Linear seesaw in $A^\prime_5$ modular symmetry with Leptogenesis

TL;DR

This paper explores how modular $A'_5$ symmetry influences neutrino masses and mixing in a linear seesaw model, successfully fitting oscillation data and explaining baryon asymmetry via leptogenesis.

Contribution

It introduces a modular symmetry-based linear seesaw model with reduced flavon dependence, incorporating heavy fermions and weightons, and demonstrates compatibility with neutrino data and leptogenesis.

Findings

Model fits all neutrino oscillation data.

CP asymmetry from heavy fermion decay explains baryon asymmetry.

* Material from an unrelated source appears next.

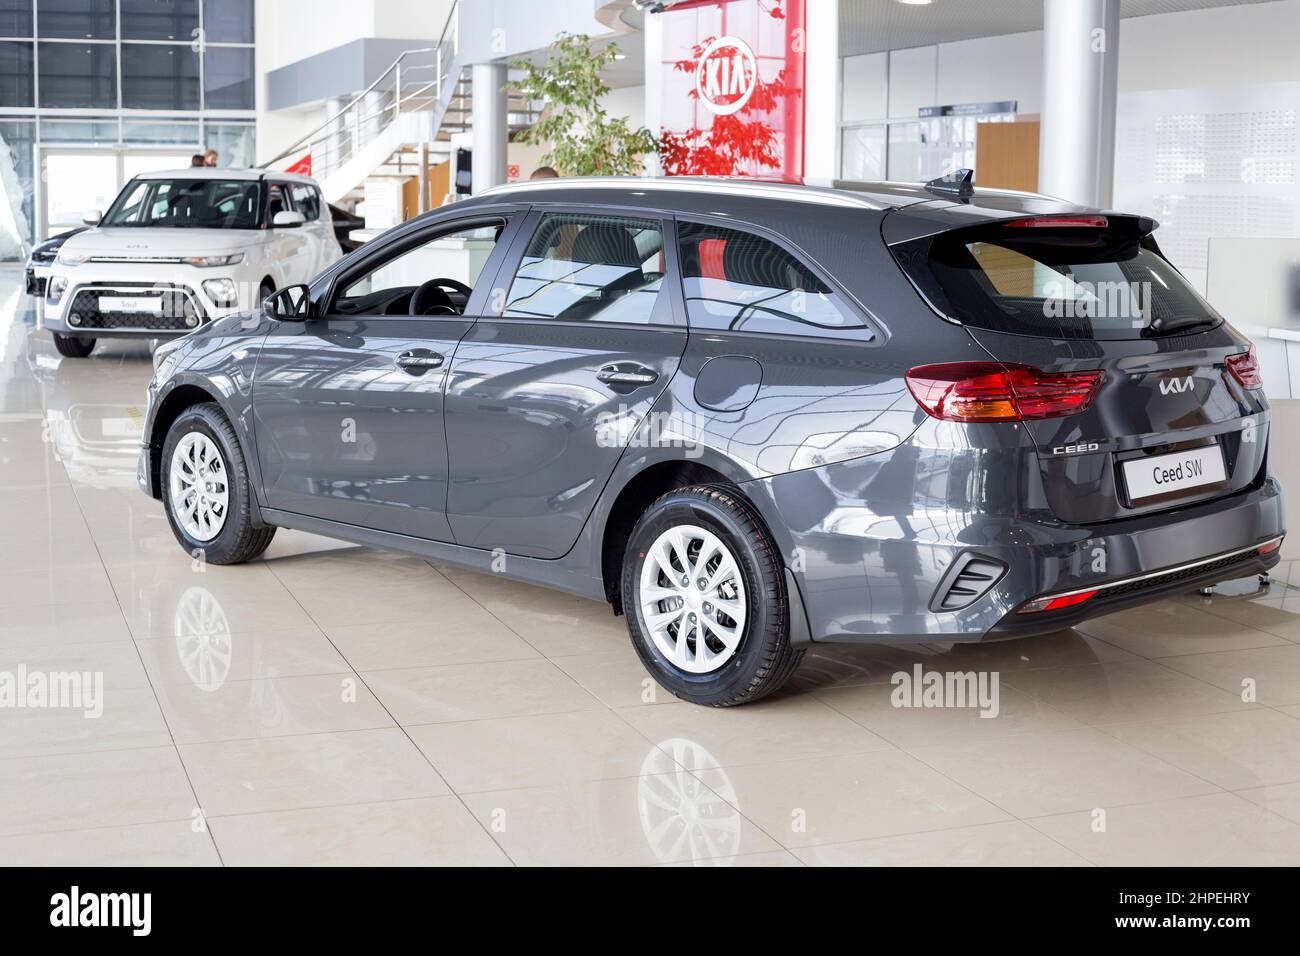 Russia, Izhevsk - February 17, 2022: KIA showroom. New modern Ceed SW estate car in dealer showroom. Back and side view. Famous world brand. Stock Photo

Uses Dedekind eta functions for Yukawa coupling calculations.

Abstract

In this paper, we investigate the implication of modular $\Gamma^{\prime}_5 \simeq A^{\prime}_5$ symmetry on neutrino oscillation phenomenology in the linear seesaw framework. In order to achieve the well defined mass structure for the light active neutrinos as dictated by the linear seesaw mechanism, we introduce six heavy fermion fields along with a pair of weightons to retain the holomorphic nature of the superpotential. The notable feature of modular symmetry is that, it reduces the usage of flavon fields significantly. In addition, the Yukawa couplings transform non-trivially under the flavor symmetry group and expressed in terms of the Dedekind eta functions, the $q$ expansion of which renders numerical simplicity in calculations. We demonstrate that the model framework diligently accommodates all the neutrino oscillation data. Alongside, we also investigate the effect of CP asymmetry generated from the decay of lightest heavy fermions to explain the observed baryon asymmetry through the phenomenon of leptogenesis.